Don’t Go, Ramanya,

Don’t Go, Ramanya, a novel set in Thailand/Myanmar in e-book form by Rush Leaming.

Plot: The book opens with most helpful notes by the author with respect to pronunciation, money and historical facts. The latter relevant to the fictional tale because of the occurrence of several actual pertinent events that occurred in the bordering two countries, including the Myanmar Embassy Hostage Crisis in Bangkok.

Characters/Plot: Ramanya had been known as the bomb-making Black Fox for rebels fighting the Myanmar despotic new rulers. His mother and young sister seemingly had been part of a retaliatory massacre resulting from one of his raids so, tired of killing, he had fled the country. He now is in his sixteenth month as a Buddhist Monk serving in Bangkok’s Wat Prok He is approached by a stranger who informs him that his mother and sister, instead had survived the massacre and wanted to see him. Father Bob Hanlan, a priest reinstated by Rome after having left as a result of a horrific ordeal, is attached to a group aiding the inhabitants in association with the temple. He is a good man helping everyone but also is inclined to side with various groups who are being mistreated by corrupt rulers. Unfortunately, his supportive activity leads to an unexpected result that once again places him under direct surveillance followed by a corrupt police captain blackmailing him with respect to a hitherto not publically known indiscretion during his time away from his priestly vows. The third ‘protagonist’ is Michael Shaw, an intelligent man in his thirties from South Carolina who teaches English to the Monks and assorted others during the day but fights his demons at night in constant drunken activity. The story unfolds as the three men are forced, each as directed by his own needs, into a journey together for the young man’s return.

Discussion: The author has developed an interesting story about the trials and pertinent activities of two unusual, intelligent but greatly psychologically disturbed individuals as they aid a person with perhaps somewhat similar, but ‘more understandable’ troubles.

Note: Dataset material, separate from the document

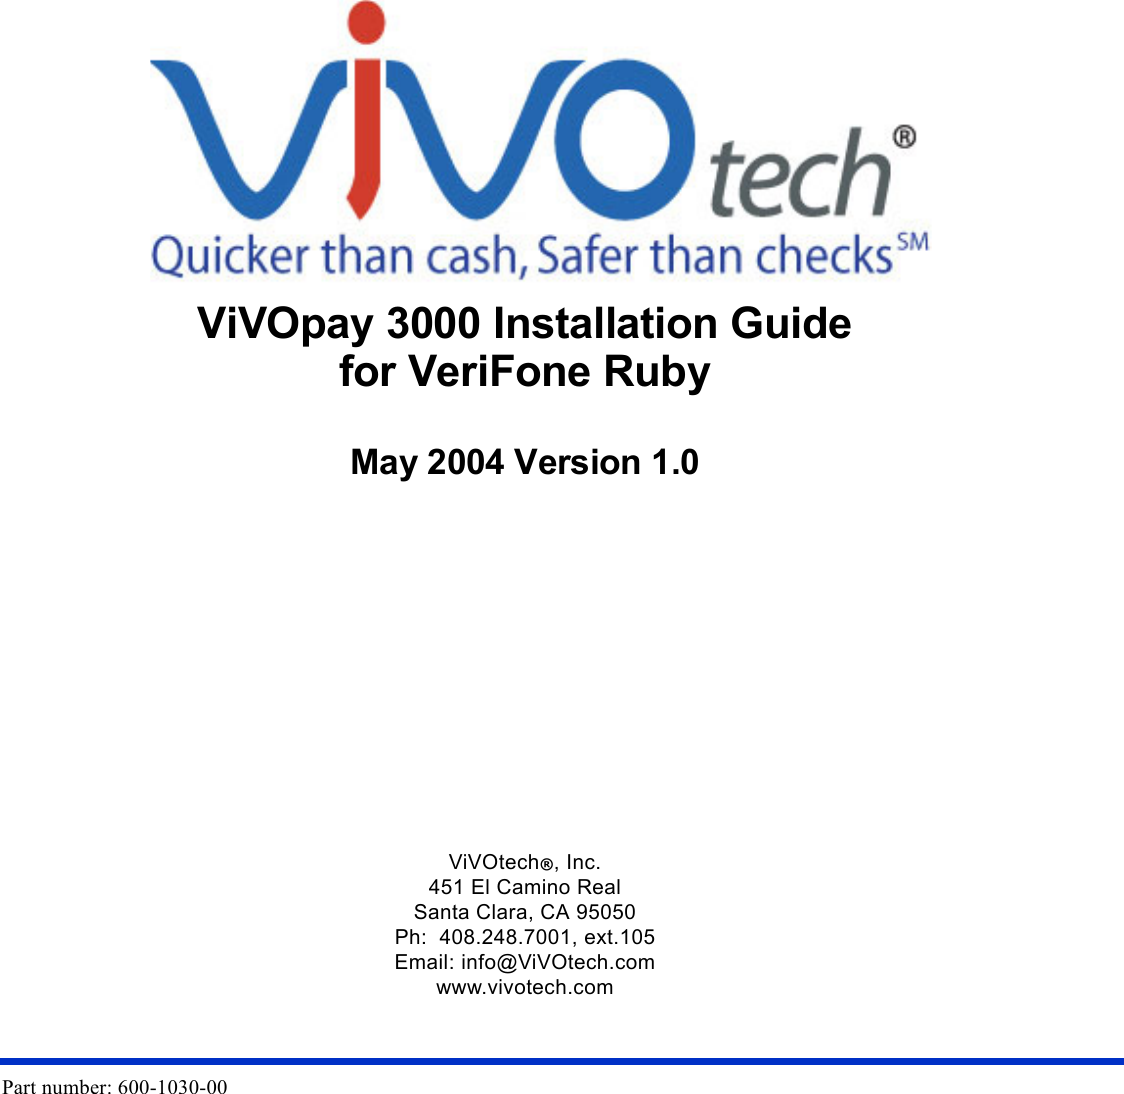 Part number: 600-1030-00                                                                                                                                AViVOpay 3000 Installation Guidefor VeriFone Ruby  May 2004 Version 1.0ViVOtech®, Inc.451 El Camino RealSanta Clara, CA 95050Ph:  408.248.7001, ext.105Email: info@ViVOtech.comwww.vivotech.com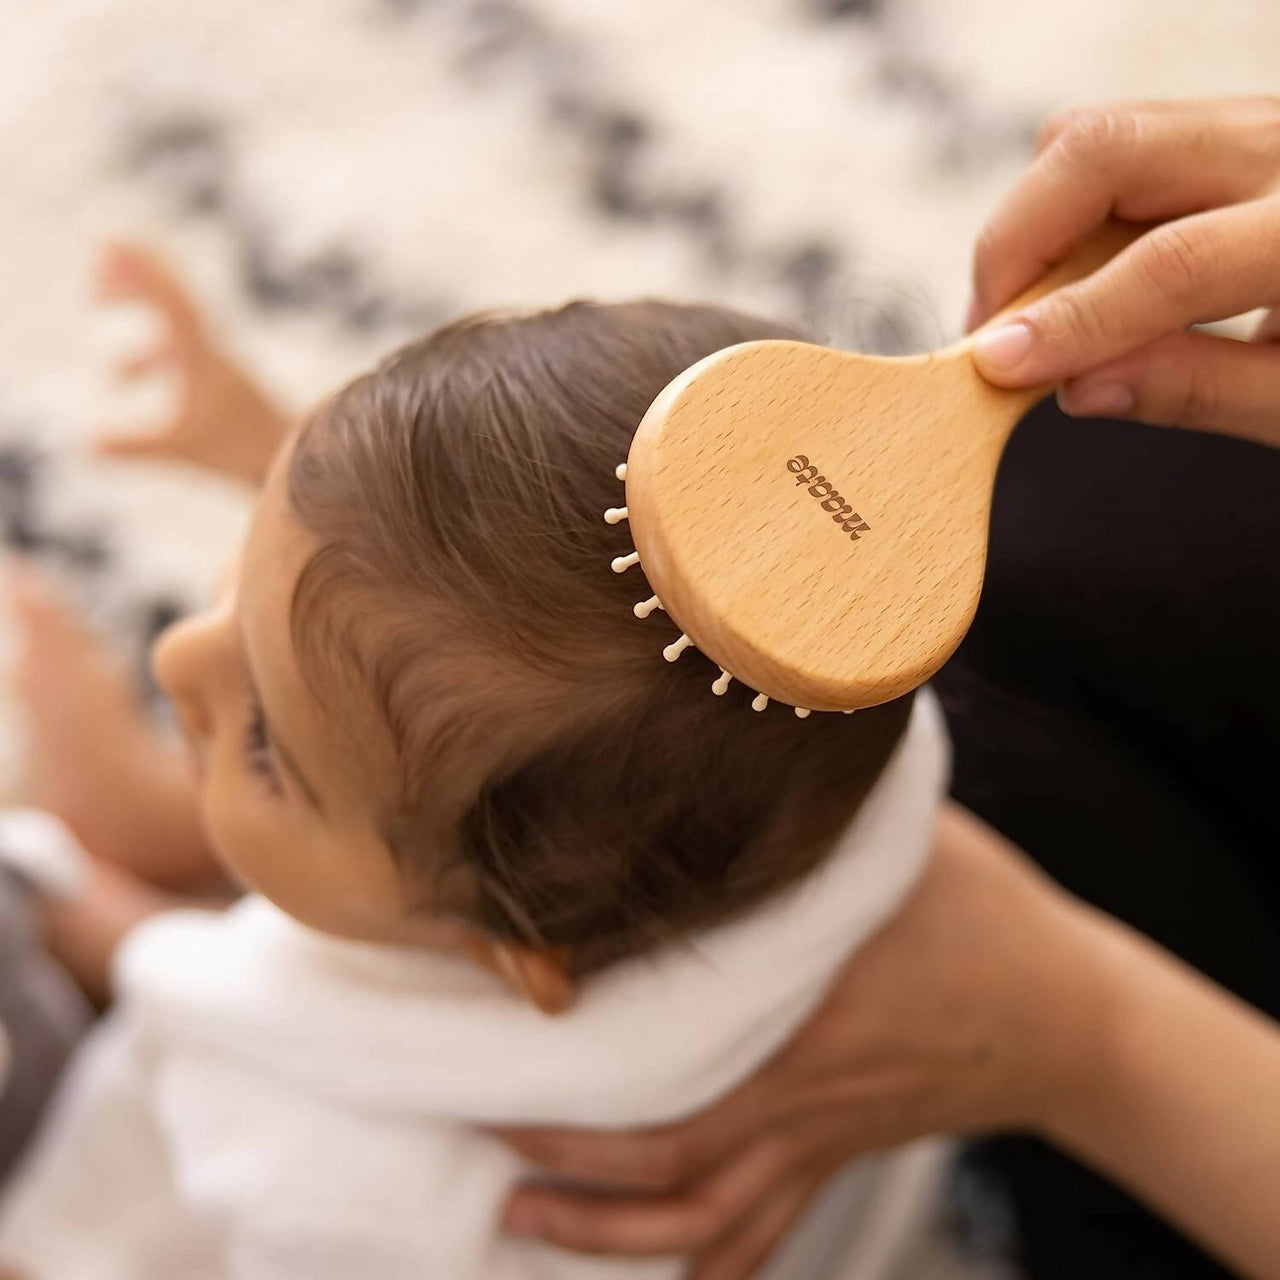 Maate Baby Wooden Comb Gift Box | Baby Wooden Hair Brush - Distacart

Some further editing would have increased the level of enjoyment for this reviewer. However, generally this is an enjoyable novel by an author seemingly knowledgeable of his environs.

4* Interestingly written story.


Nannion, a novel in e-book form, written and published with seemingly acknowledged help from Bewildering Stories, by Andreas Androutsellis-Theotokis.

Plot: An International team of Oceanographers proposed construction of a huge aquarium as a place to study sea creatures essentially in a free state where the scientists would have control of the ecology while conducting a wide range of experiments. The small virtually spheroid-shaped Greek island of Dioptra appeared to provide the perfect location. The island had been the site of a diamond mine, now extinct, that literally had reduced it to a large hole roughly the size required by the marine biologists, separated from the surrounding ocean. Construction was completed, amenities were provided for tourists to provide steady income and the scientists went to work. Eventually tourists found other sources of interest and other scientific projects finally caused cessation of the scientific activity and the work was abandoned. The reader then is introduced to a stray kitten who survives a few months in Athens when befriended by Claire, one of the original investigative team. She takes the kitten with her as she makes a solo nostalgic return to the island. The trip ends disastrously for her, but Nannion survives and gradually makes friends with an eel and a humanoid individual and all gradually become involved with a new composite group of scientists while attempting to liberate a pair of huge sharks from deadly organisms generated within the ‘aquarium’.

Discussion: The author has produced a relatively well-written tale; a skillful development of empathy for Nannion and her companions; science that ranges from unusual factual material (e.g., sea basins) to sci-fi/fantasy where discussion leans more heavily toward philosophy than science; and some matters of the young cat’s survival are a little difficult to accept. However, it is an interesting, albeit a somewhat strange read.

4* Interesting, albeit somewhat strange sci-fi/fantasy tale.